Twin Jet is a French regional airline based in Aix-en-Provence.

==History==
Twin Jet was founded in May 2001 and started operations in the month of October of that same year. It operated its first scheduled flight in March 2002. The company operates 250 flights a week mainly on domestic routes within France as well as to Bologna, Venice and Milan in Italy as its only foreign destinations. Its activity is complemented by business aviation and charter flights.
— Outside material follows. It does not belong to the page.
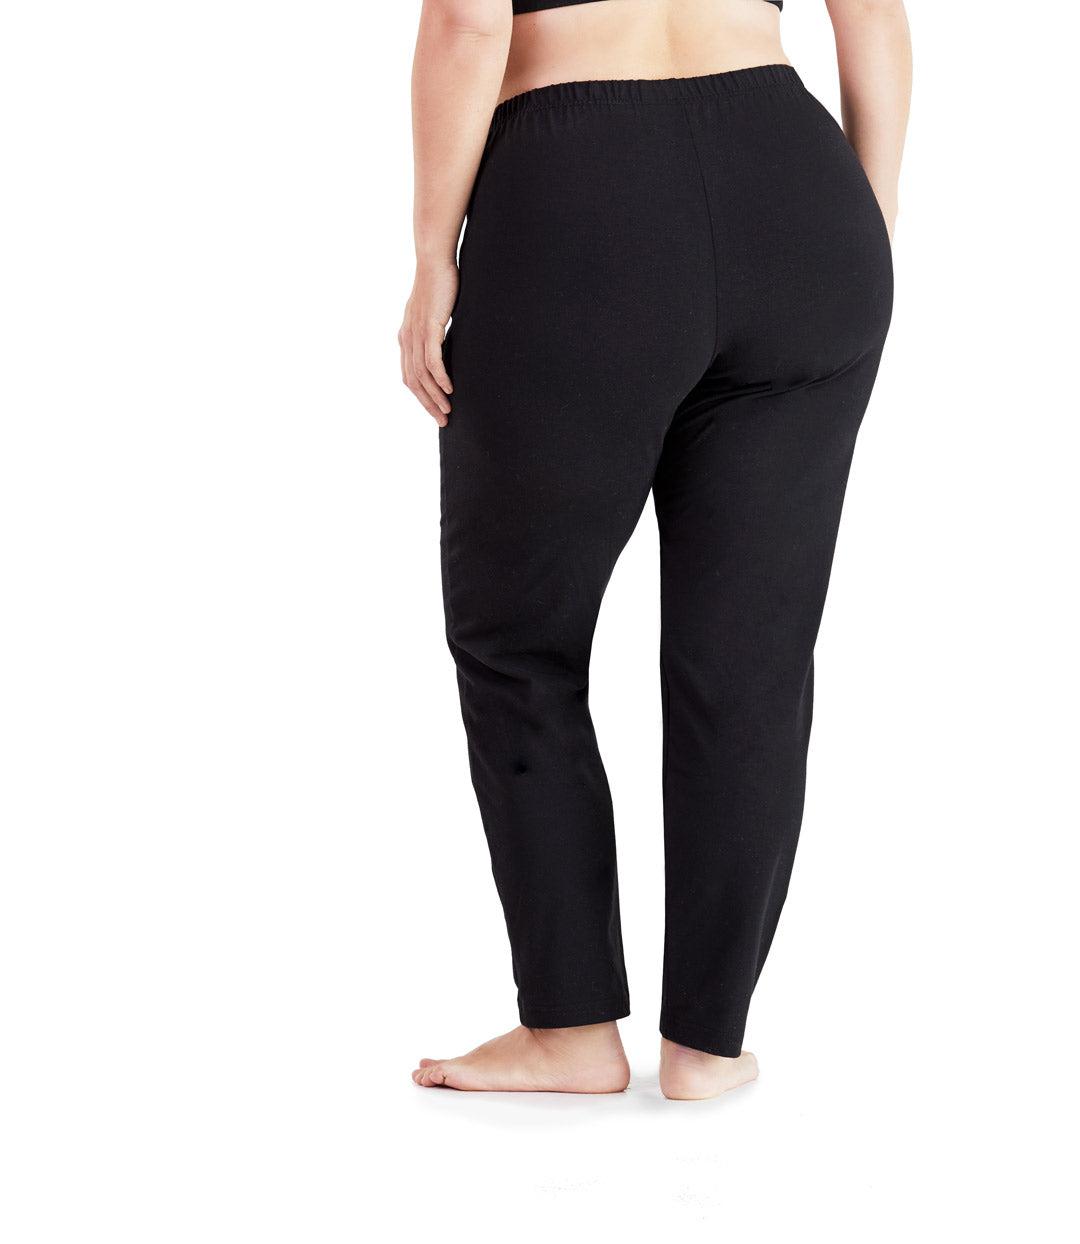 plus size yoga pants with pockets

In early January 2017, Twin Jet took over French competitor Hex'Air and integrated its routes and aircraft.

==Destinations==
As of April 2026, Twin Jet serves the following destinations:

=== France ===
- Le Puy-en-Velay – Le Puy–Loudes Airport base
- Lyon – Lyon–Saint Exupéry Airport base
- Marseille – Marseille Provence Airport base
- Mende – Mende Brenoux Airport
- Nantes – Nantes Airport
- Nice – Nice Airport
- Paris – Paris Orly Airport
- Pau – Pau Airport
- Rennes – Rennes Airport
- Strasbourg – Strasbourg Airport base
- Toulouse – Toulouse-Blagnac Airport base

=== Italy ===
- Milan – Malpensa Airport
- Bologna – Bologna Airport
- Venice – Venice Airport
- Olbia – Olbia Airport

=== Spain ===
- Menorca – Menorca Airport

==Fleet==
===Current fleet===
As of July 2026, Twin Jet operates the following aircraft:

Twin Jet fleet
| Aircraft | Total | Orders | Passengers |
|---|---|---|---|
| Beechcraft 1900D | 13 | — | 18 |
| Total | 13 |  |  |

===Former fleet===
As of August 2025, Twin Jet operated 13 Beech 1900D.

== Maintenance ==
Maintenance is overseen by Kerozen Industrie.